Un sonido detrás de ella le advirtió que Frederik estaba de pie otra vez. Adivinó lo que vendría, ella se hizo a un lado, antes de que sus manos pudieran sujetarla. No la salvaría por mucho tiempo. Cara de Culo esquivó su cabeza y saltó hacia ella.

Elena se lanzó a la basura y escapó de su alcance saltando hacia el otro lado.

— Rodéala, ve por el otro lado — ordenó Cara de Culo a su compañero.

Ahora se acercaban a ella, uno por la derecha y el otro por la izquierda. Ella recordó su entrenamiento como porrista del instituto, hizo una voltereta y se acercó a los contenedores por segunda vez. Su zapato se atascó en el basurero y se resbaló, aterrizando fuertemente en su costado.

Un punzante dolor la desgarró. Sintió sus costillas mal heridas. Tendría suerte si no se habían roto. Pero no tenía tiempo para comprobarlo. Sus atacantes ya estaban sobre ella. Una garra se incrustó en su hombro y la tiró hacia arriba, levantándola del suelo.

— Ahora te tenemos — dijo Frederik con tono de triunfo en la voz.

— ¡Bastardos! — gritó ella a todo pulmón y dio patadas hacia él, aún suspendida en el aire. Con el brazo trató de alcanzar cualquier parte de su cuerpo para hacerle daño, pero sólo entonces se dio cuenta, que había perdido una de sus estacas con sus maniobras evasivas.
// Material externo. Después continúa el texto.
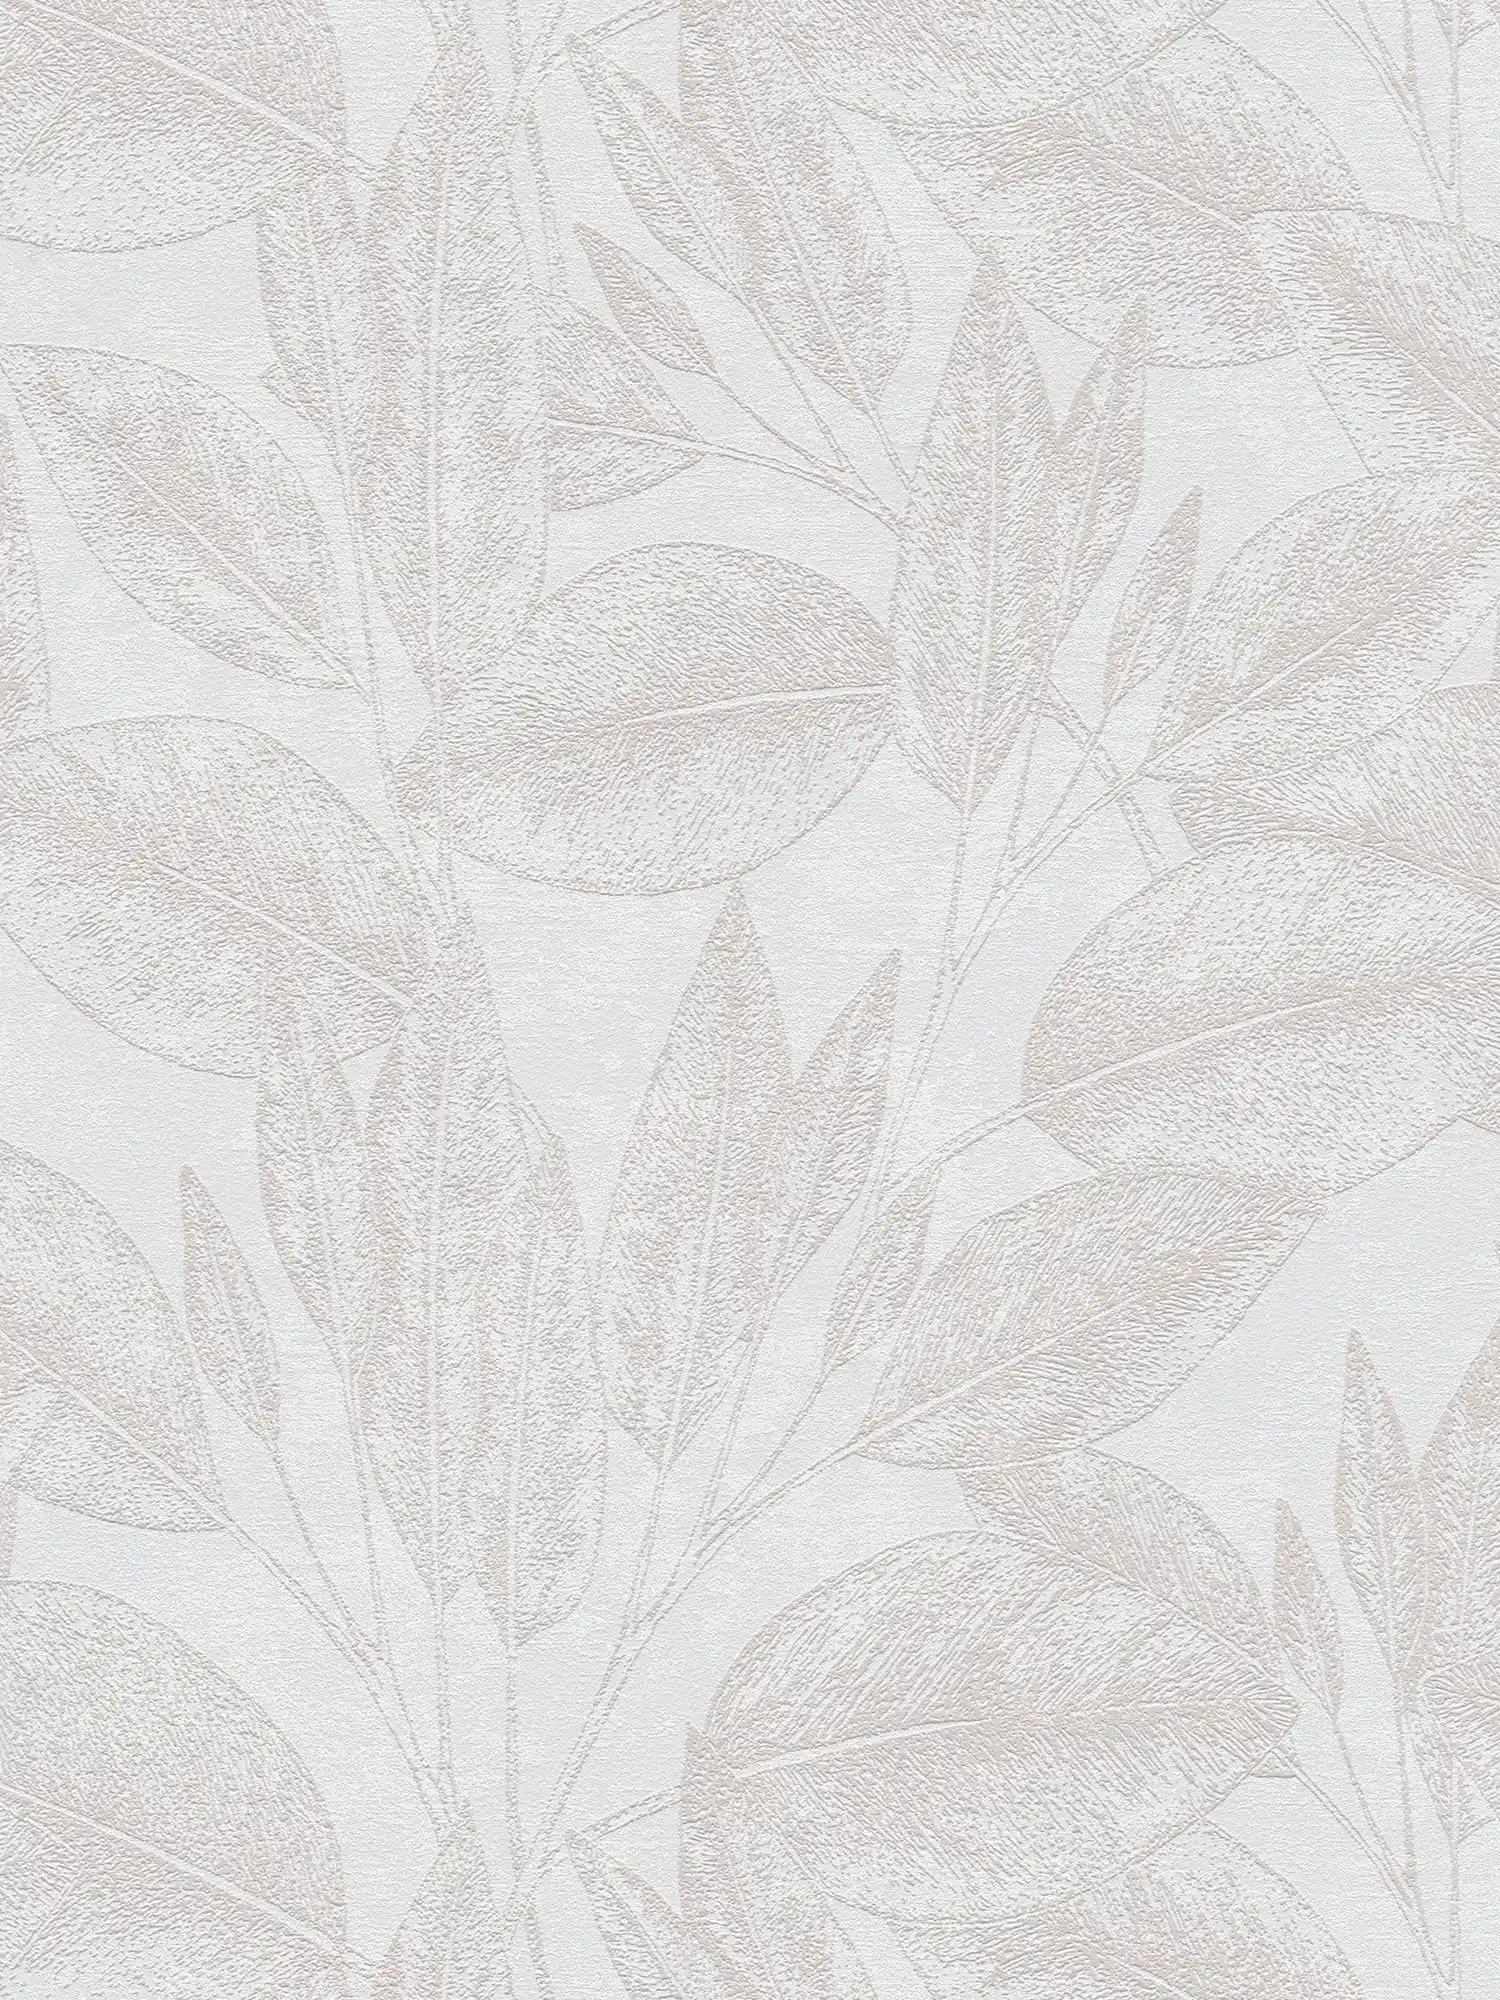 Papel pintado con motivo de hojas de aspecto vintage - Beige

Su mano izquierda aún tenía la segunda estaca, pero Frederik la había inmovilizado sujetándole el hombro dolorosamente.

Pateó una vez más, ganándose un golpe de sus manos con uñas afiladas como garras sobre su pecho. Una sensación de ardor le atravesó. El muy cabrón había cortado a través de la blusa y la piel. Ella podía sentir la sangre saliendo de lo profundo de su pecho. Dolía como los demonios.
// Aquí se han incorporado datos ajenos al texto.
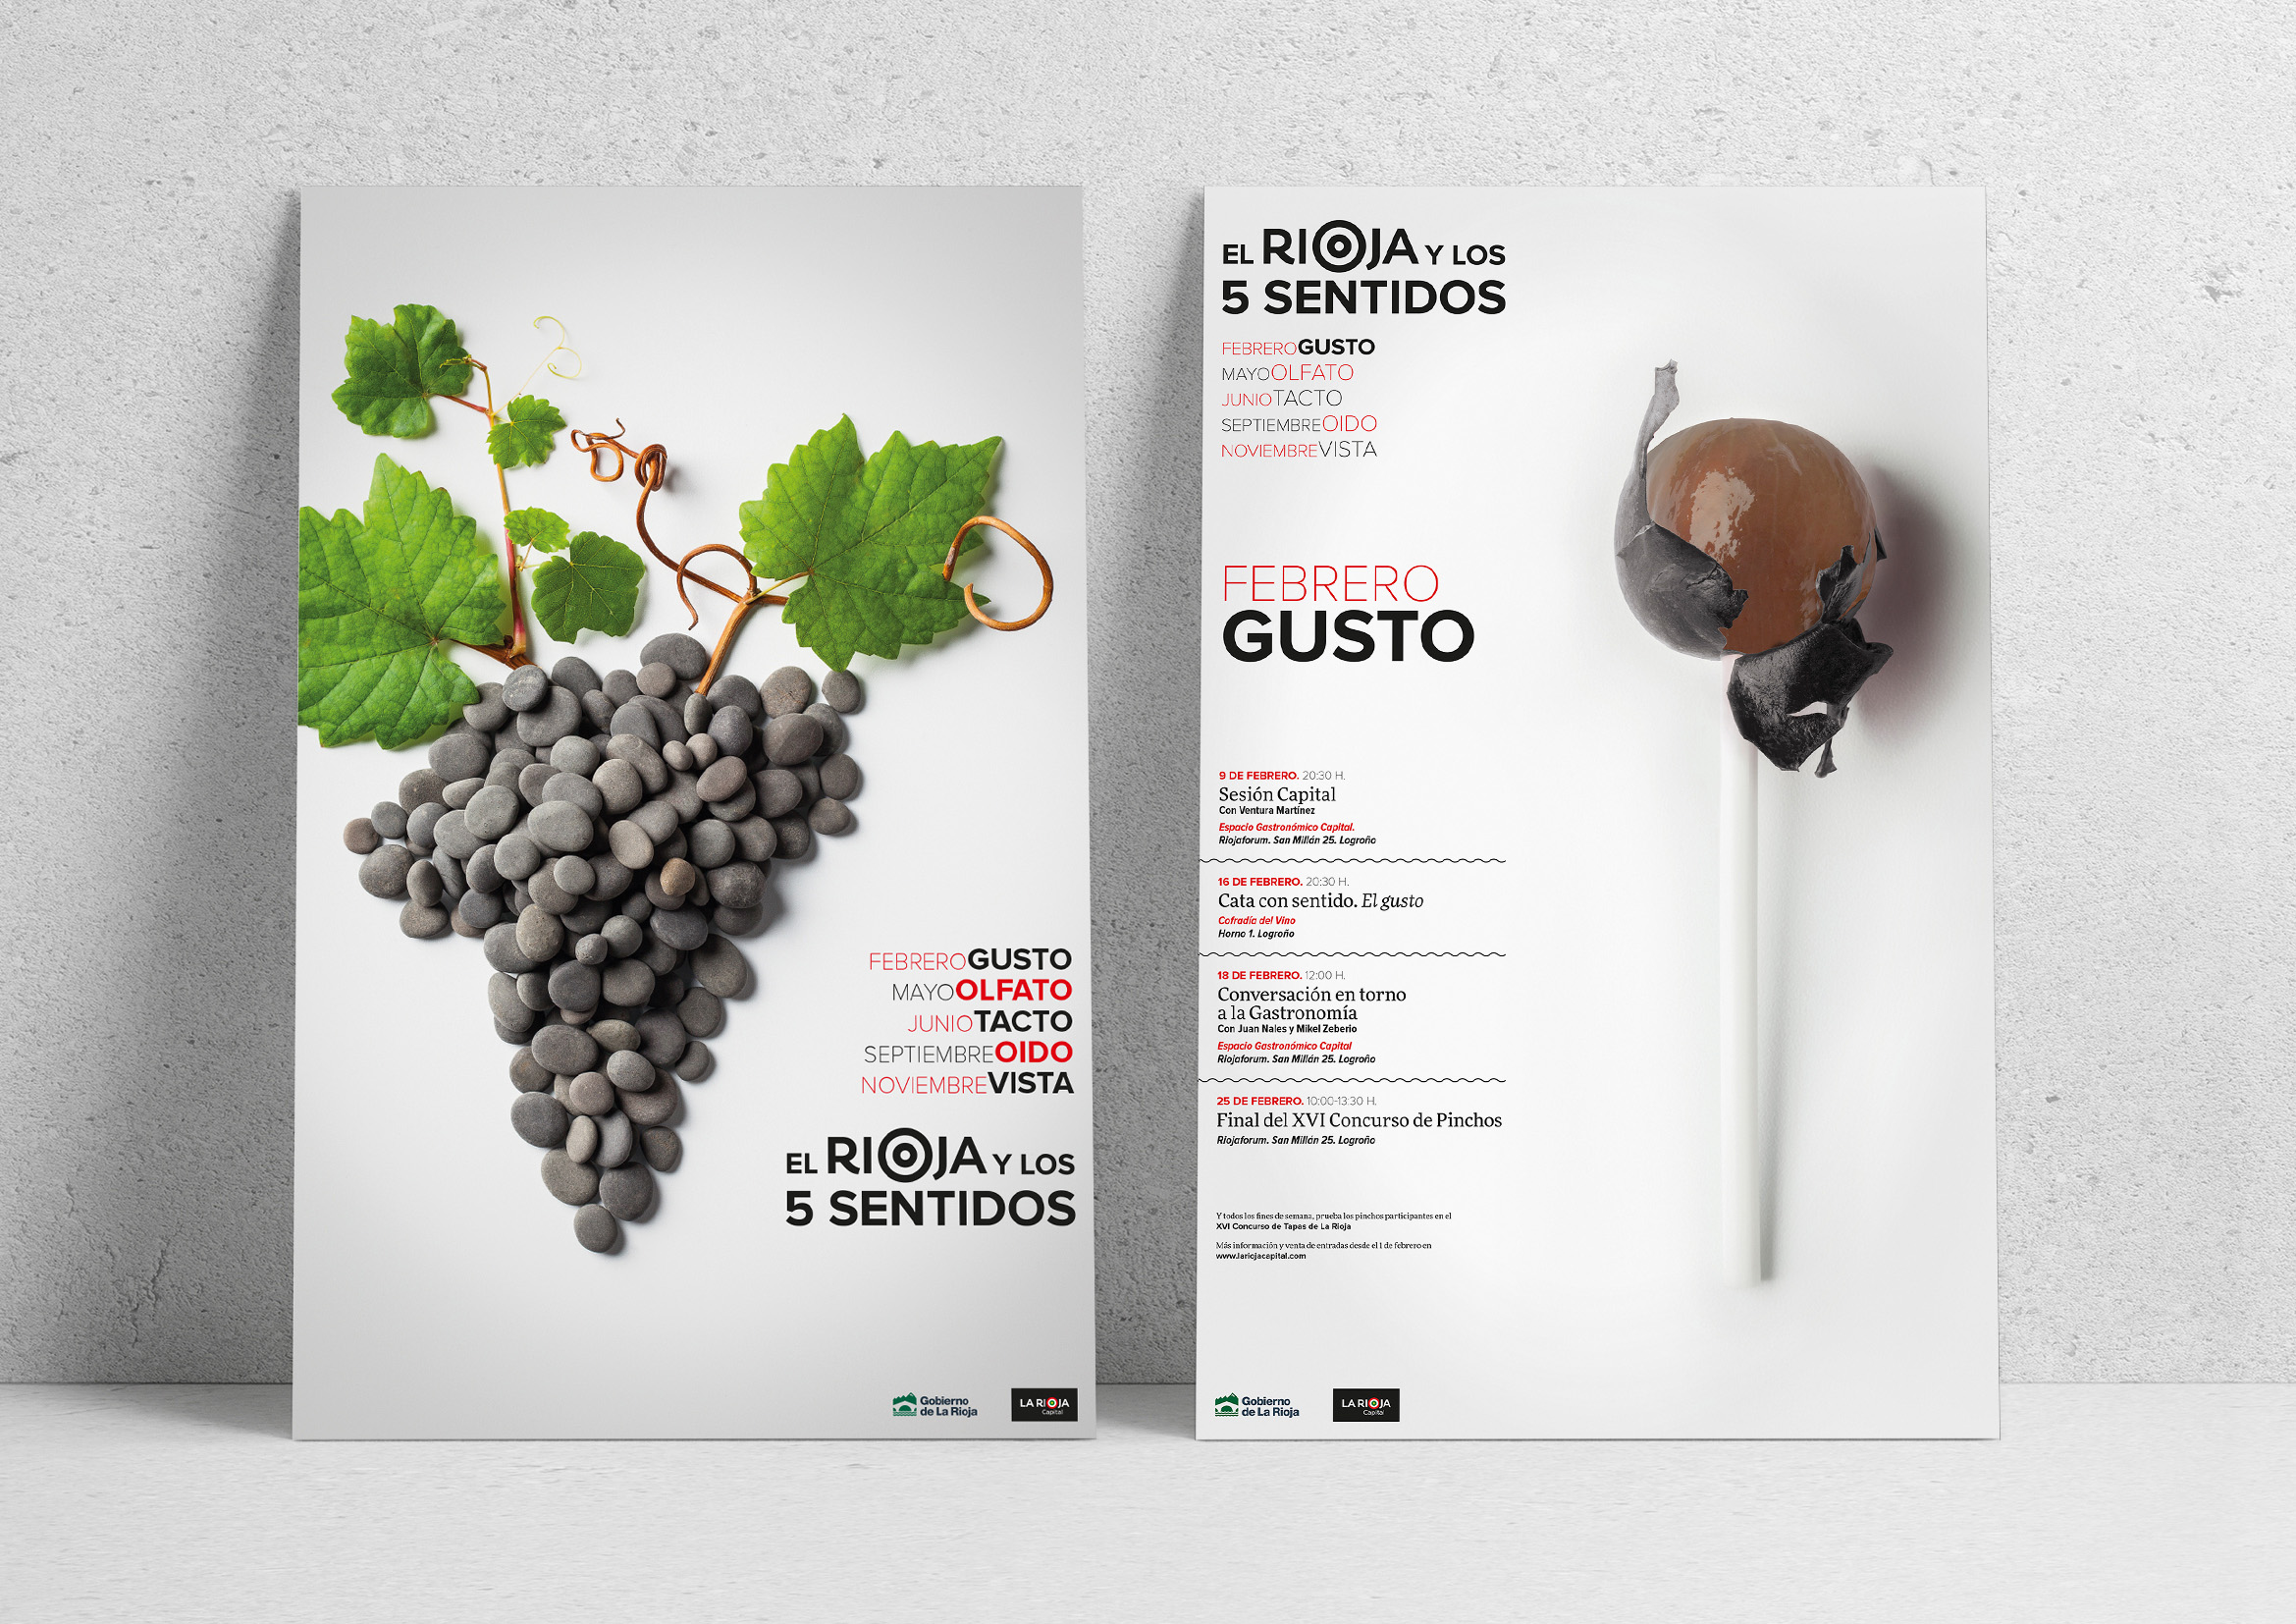 El Rioja y los 5 sentidos 2017 by Óscar Ortega Quesada - Creative Work

Por un instante, temió que las náuseas la abrumaran y la dejaran inconsciente. Pero logró detener esa sensación.

— Esto huele bien — dijo Frederik y movió la cabeza hacia su herida abierta.

Elena lo golpeó más fuerte, pero él la apretó aún más fuerte. Él la dejaría seca, y no había nada que ella pudiera hacer. No tenía ninguna posibilidad de zafarse de su control. El pánico invadió su cuerpo, su corazón latía tan rápido como un tren de alta velocidad.
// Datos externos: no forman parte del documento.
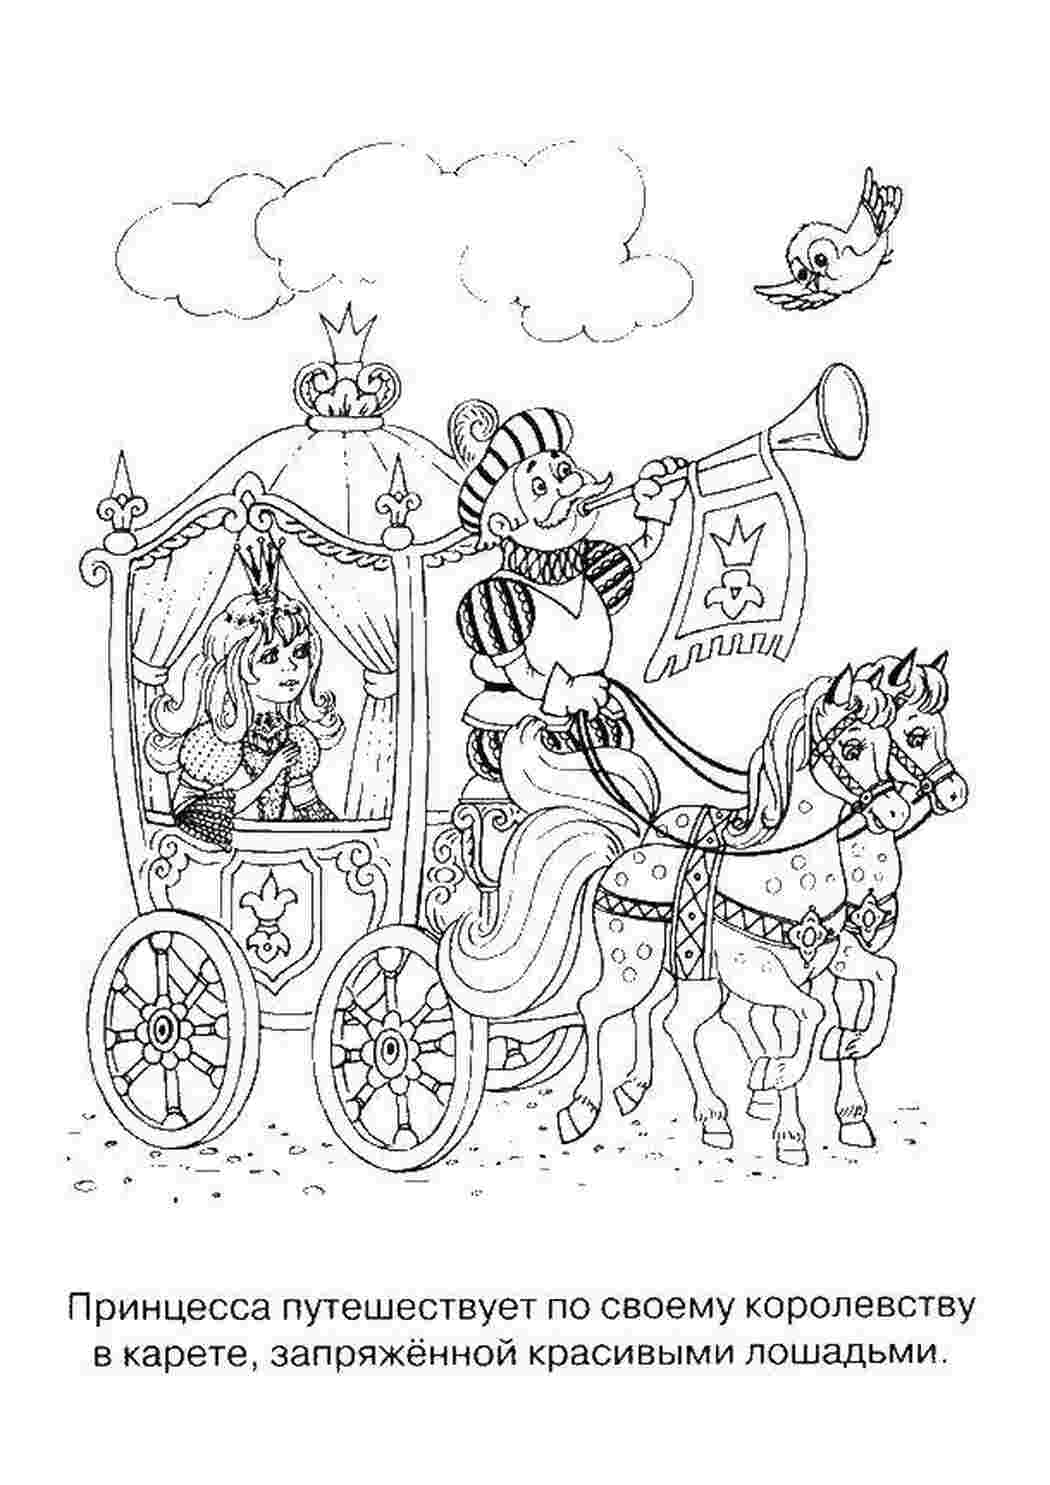 Раскраски Принцесса в карете Принцессы принцесса, девочка, карета, лошади

Una fracción de segundo antes de que sus colmillos se clavaran en su pecho, él fue apartado de ella. Un momento después, ella aterrizó de bruces. Se quedó mirando la lucha, esperando ver a Cara de Culo luchar con su amigo vampiro. En lugar de ello, vio la espalda ancha de un hombre que llevaba una cazadora de cuero negro. Incluso sin ver su cara, ella reconoció quién estaba luchando contra sus dos asaltantes.

Elena se puso de pie rápidamente. Incrédula, vio cómo Damon tiraba patadas y puñetazos contra los dos vampiros, manteniéndolos a raya. ¿Por qué estaba peleando con los dos vampiros que él mismo había enviado a matarla? Esto no tenía ningún sentido.

— ¿Me vas a ayudar o qué? — dijo Damon. ¿Estaba hablando con ella? — Elena — la insto.

Así que él le estaba hablando a ella. Después de todo, ella era la única persona que respondía al nombre de Elena en el callejón, y dudaba que Cara de Culo se llamara de ese modo.

Ella corrió a su lado.

—Ya era hora —le reconoció con una mirada de reojo.

Con una rápida patada alta, luchó contra Frederik para darle a Damon y la oportunidad de reventar a Cara de Culo. Sin embargo, Frederik volvió al instante, aún más feroz que antes. Cuando ella trató de darle otra patada, él fue más rápido y la agarró por el pie. Ella giró, pero perdió el equilibrio, cayendo de espaldas contra Damon.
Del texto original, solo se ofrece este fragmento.